Given the pandemic restrictions, all rehearsals took place over Zoom. “It’s every actor’s nightmare, trying to build chemistry over a computer screen,” Marks concedes. Taking a gamble on Felix Mallard, an Australian actor known for his roles in “Ginny & Georgia” and “Neighbours,” proved to be a wise decision. “He has quite a challenging role in this film,” Marks acknowledges. “Playing a billionaire’s son isn’t inherently sympathetic. He deserves immense credit for his charm, supportiveness, and flawless American accent. As someone who struggles with accents myself, I was thoroughly impressed.”

Marks, like many others, is an avid fan of “Succession.”

The film also boasts performances from seasoned actors, including J. Smith-Cameron, a two-time Emmy nominee for her portrayal of Gerri Kellman on “Succession.” Cameron portrays a professor admired by Aza, who in one scene, delves into the significance of the film’s title. “I’m a die-hard ‘Succession’ fan, and I knew I wanted Gerri from the get-go for this role,” Marks admits with a chuckle. “So I penned her a letter, expressing my admiration and inviting her to speak the title. She exuded intelligence, warmth, humor, and depth — everything you could hope for.”

Judy Reyes also features as Aza’s mother. While Reyes had previously appeared on “Succession,” Marks clarifies that her casting wasn’t directly linked to that. “Judy has an impressive reel and possesses a remarkable range across genres and mediums — I was thrilled to have her on board,” Marks asserts. “But, I won’t deny it; her past work on ‘Succession’ certainly didn’t hurt.”

Given her background as an actor, Marks empathizes with the challenges actors face.

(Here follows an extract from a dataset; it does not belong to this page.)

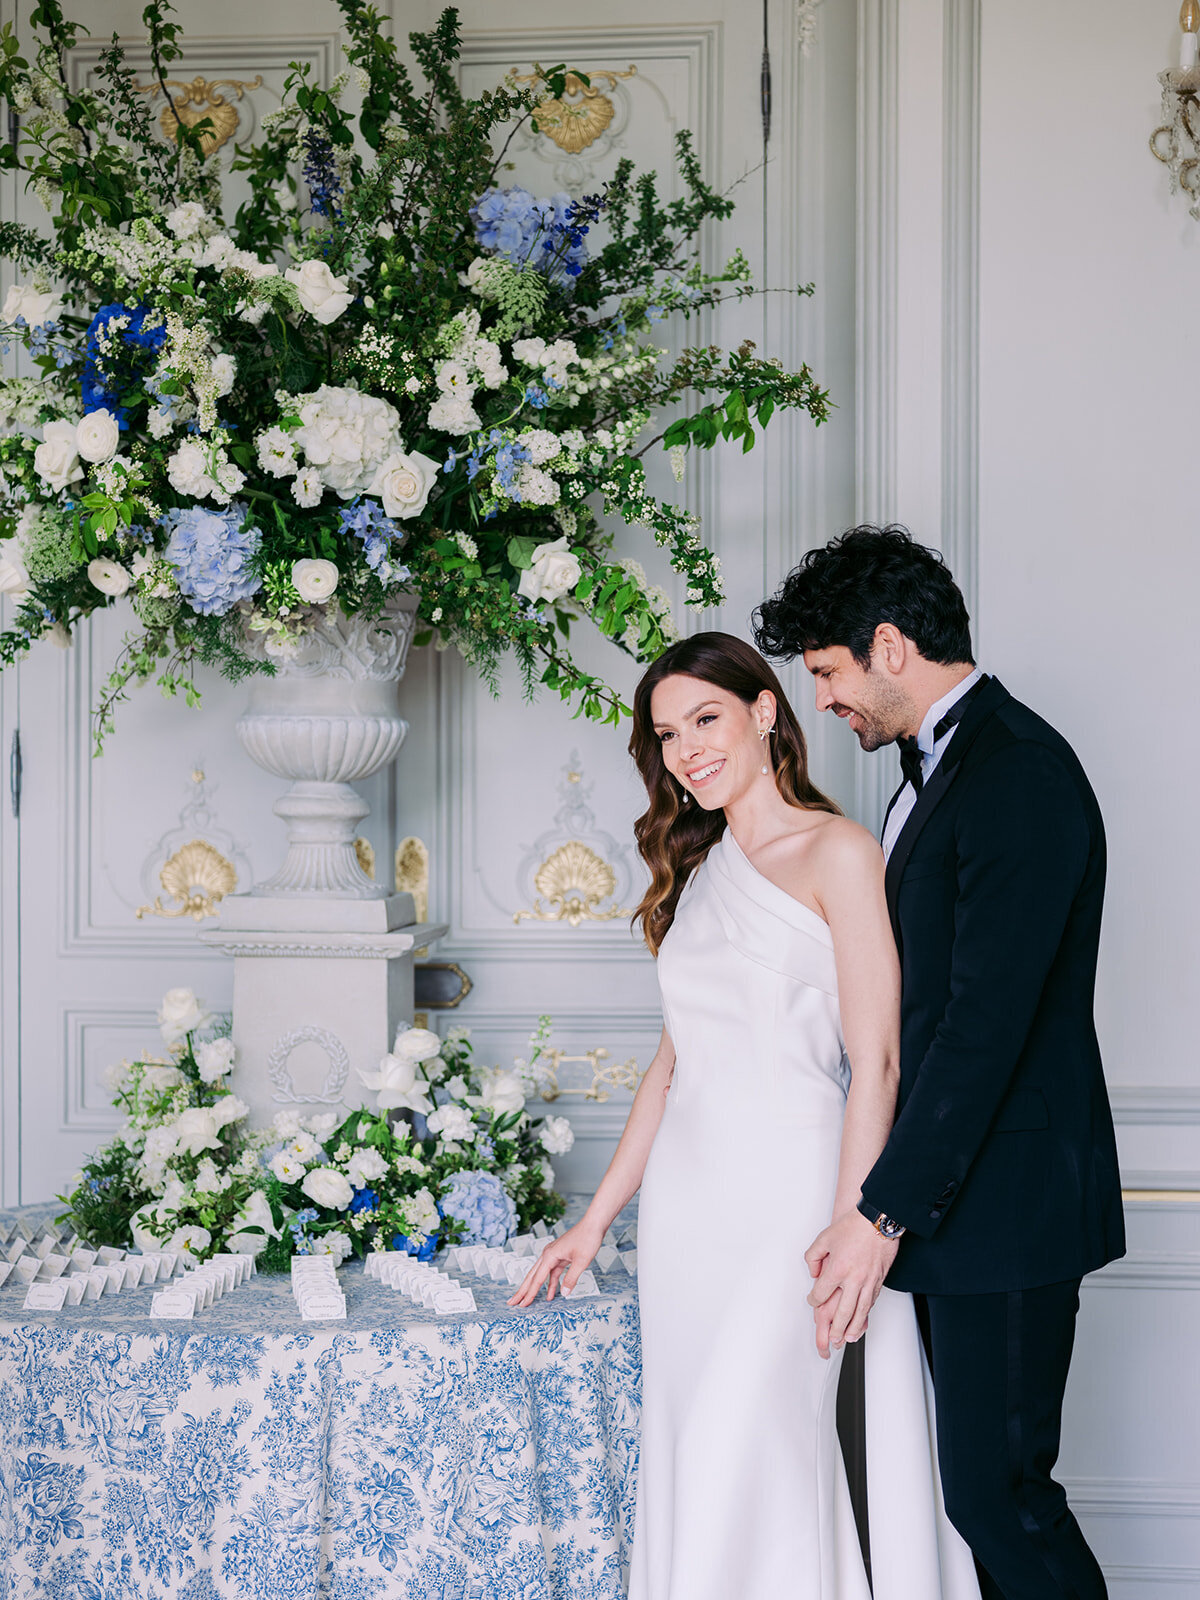 cesarempiaze-photographer-paris-wedding-chateau-_-131

Drawing from her own experiences, Marks emphasizes that there are numerous factors influencing casting decisions beyond an actor’s talent alone. “We encountered thousands of talented individuals during the casting process for ‘Turtles,'” she explains. “While it may sound straightforward, only one person can ultimately land the role, and it hinges on how well they fit into the overall picture.” Marks encourages actors to remain authentic to themselves when auditioning. “No two individuals interpret a role in the same way. I spent a considerable amount of time as an actor pondering how to distinguish myself. However, it turns out, simply being myself sets me apart. My facial features are distinct. I bring my own unique baggage and life experiences. Just embrace who you are.”As both an actor and filmmaker, Marks is eager for a resurgence of in-person auditions. While she acknowledges the benefits of Zoom, such as the ability to connect with individuals worldwide, she acknowledges the toll it can take on an actor’s morale to submit an audition tape without knowing if it has been viewed.

Marks, like many others, is an avid fan of John Green.

Renowned for his novels such as “The Fault in Our Stars” and “Paper Towns,” Green has been candid about the profound significance of “Turtles All the Way Down” to him, given his own mental health struggles. Serving as a producer on the film, he was a constant presence on set. However, Marks found the most challenging aspect to be restraining her excitement and not “fangirling out” over the author. “He was incredibly generous and receptive to my ideas, allowing me to take the lead,” Marks reflects. “He was an absolute dream collaborator.”

Their collaboration has since evolved into a friendship. “On the day the film premieres, we plan to celebrate together,” Marks reveals. “This movie has given me so much, but one thing I’ll always treasure is the opportunity to share moments with John Green. It’s still surreal to me.”